3. La Corte osservava poi come dovessero ritenersi dimostrate le altre mancanze contestate alla luce dei riscontri forniti dalle dichiarazioni testimoniali assunte nei due gradi di merito e della genericità dei rilievi mossi al riguardo dal lavoratore, con conseguente conferma delle relative statuizioni della sentenza di primo grado.
4. Ha proposto ricorso per la cassazione della sentenza S. S.p.A. con quattro motivi, cui ha resistito il P. con controricorso, con il quale ha proposto ricorso incidentale affidato a due motivi.
5. Entrambe le parti hanno depositato memoria.
Ragioni della decisione
1. Con il primo motivo, deducendo il vizio di cui all’art. 360 n. 3, la ricorrente si duole che la Corte di appello non abbia fatto corretta applicazione del primo comma dell’art. 2697 cod. civ. nonché del primo comma dell’art. 115 cod. proc. civ., in relazione alla dichiarata inattendibilità del teste I..

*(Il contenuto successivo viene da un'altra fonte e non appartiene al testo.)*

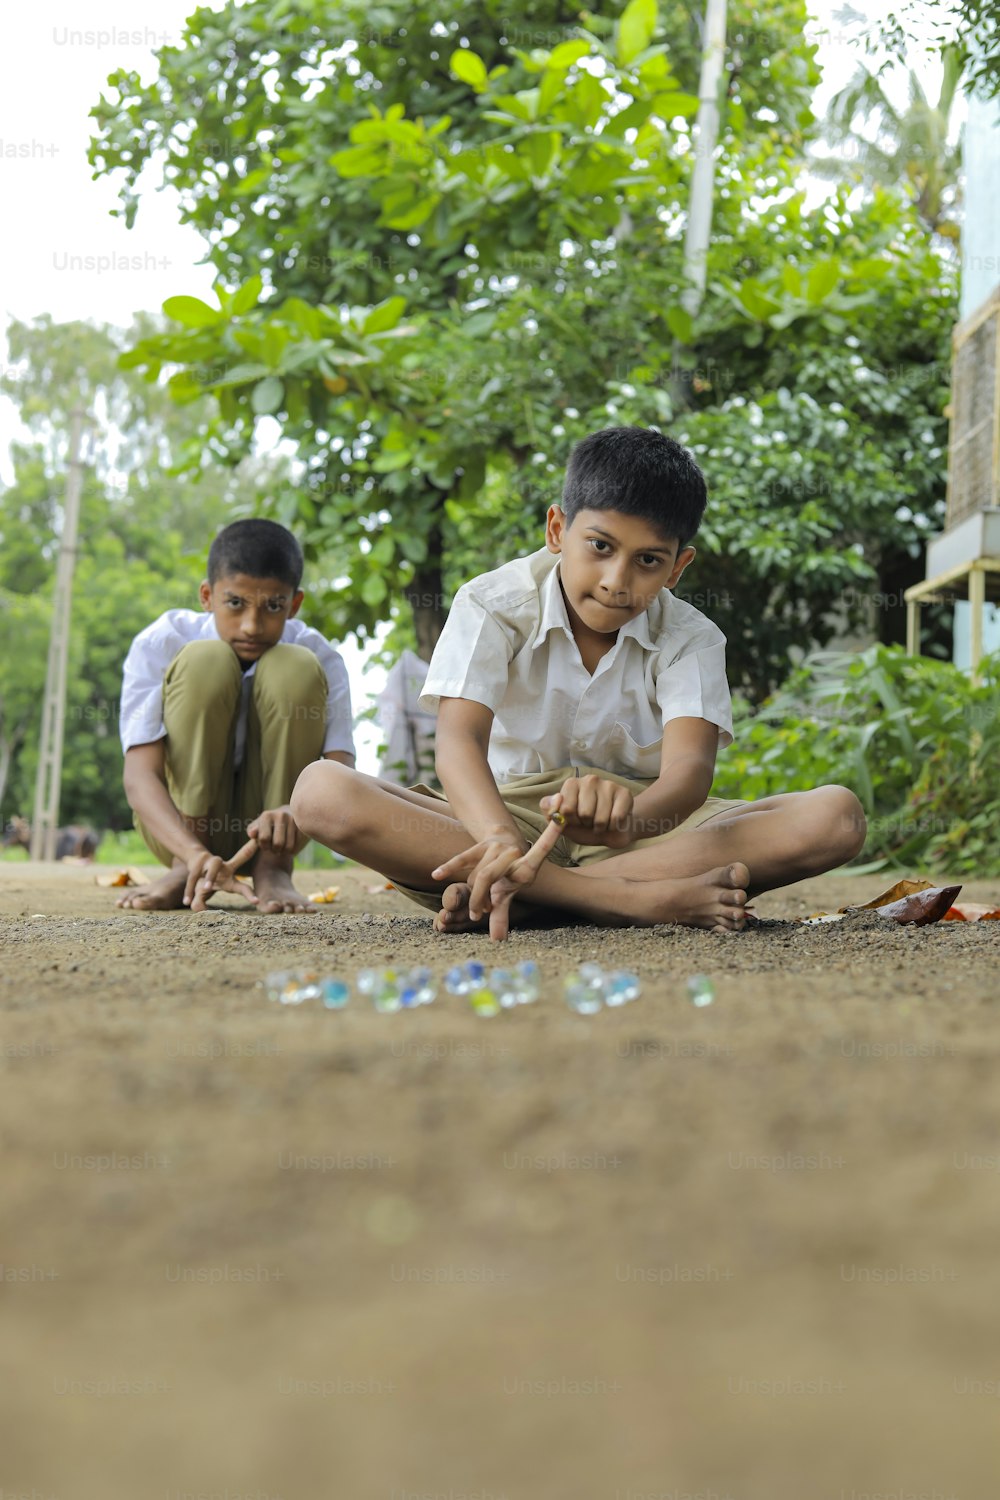 Bambino indiano che gioca con biglie di vetro che è un vecchio gioco del villaggio indiano. I marmi di vetro sono anche chiamati Kancha in lingua hindi.

2. Con il secondo motivo, deducendo ancora il vizio di cui all’art. 360 n. 3, la ricorrente lamenta che la Corte sia incorsa nella violazione o comunque falsa applicazione dell’art. 2697, comma 1°, cod. civ. per avere tratto argomenti di prova dal materiale fotografico, acquisito al giudizio mediante l’esercizio dei poteri istruttori d’ufficio, in difetto, peraltro, della dimostrazione, che sarebbe stato onere del lavoratore fornire, della corrispondenza dello stato dei luoghi rappresentato con quello esistente al tempo del fatto oggetto di contestazione e della circostanza che dal bar fosse visibile l’ingresso della banca.

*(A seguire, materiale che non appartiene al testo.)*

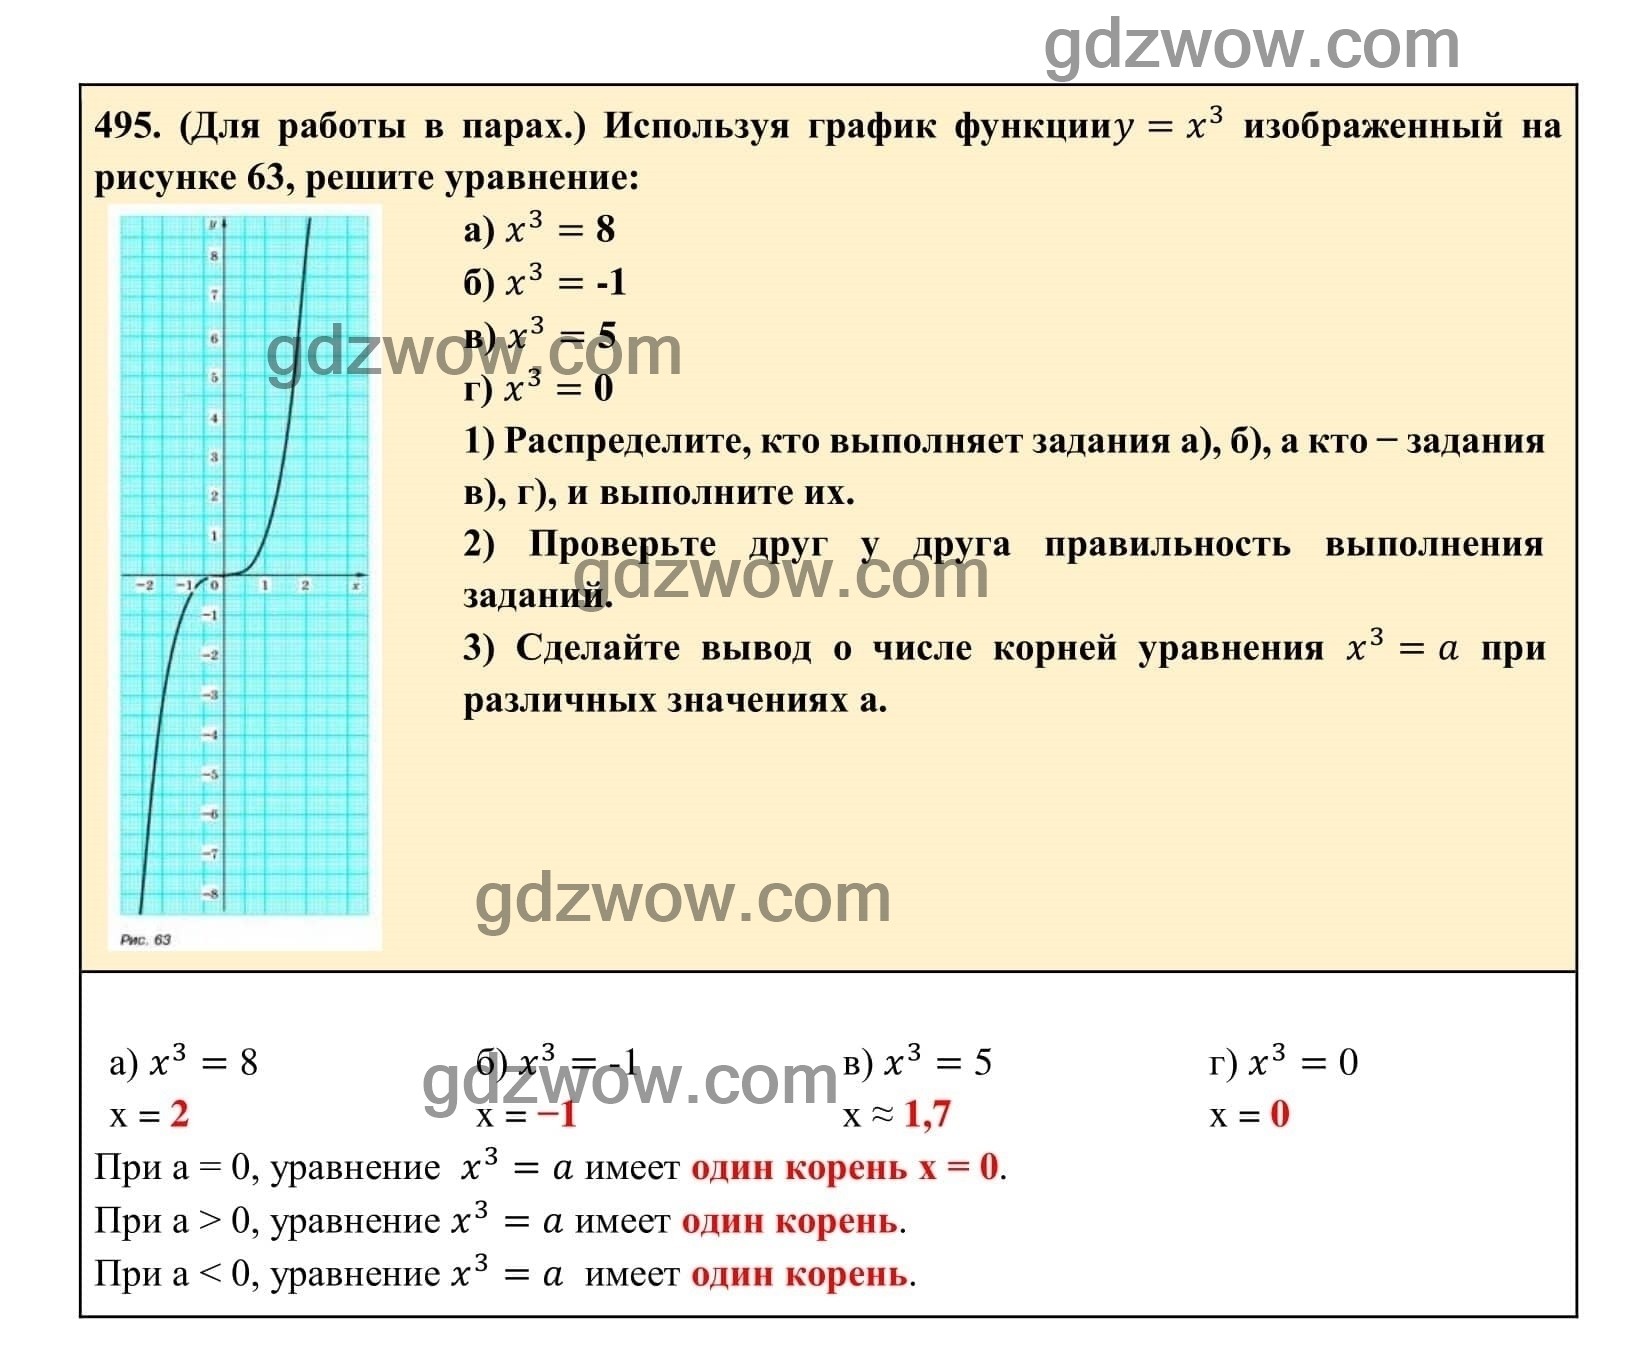 Упражнение 495 - ГДЗ по Алгебре 7 класс Учебник Макарычев (решебник) - GDZwow

3. Con il terzo motivo, deducendo il vizio di cui all’art. 360 n. 5 cod. proc. civ., nonché violazione o comunque falsa applicazione dell’art. 140 CCNL Vigilanza Privata, la società censura la sentenza di secondo grado per avere omesso l’esame di fatti decisivi ai fini della configurabilità dell’abbandono del posto di lavoro e per avere mancato di tenere conto che la condotta del P. era stata caratterizzata dalla coscienza e volontà di allontanarsi dalla postazione di servizio con la precisa intenzione di violare le direttive più volte ricevute in ordine alle modalità di svolgimento del piantonamento fisso antirapina.
4. Con il quarto motivo, deducendo violazione o falsa applicazione degli artt. 2119 e 2106 cod. civ., la ricorrente si duole che la Corte di appello, pur avendo accertato che, in data 9/10/2010, e cioè in occasione dell’episodio che aveva dato luogo al licenziamento, il lavoratore non indossasse il giubbotto antiproiettile e pur avendo ritenuto, come già il primo giudice, la fondatezza di cinque (su otto) precedenti disciplinari, relativi anche al mancato utilizzo del giubbotto, non sia poi giunta a dichiarare la legittimità del licenziamento disciplinare, trattandosi di fatti che, per la loro portata oggettiva e soggettiva, avrebbero determinato di per sé una valutazione di proporzionalità della misura inflitta.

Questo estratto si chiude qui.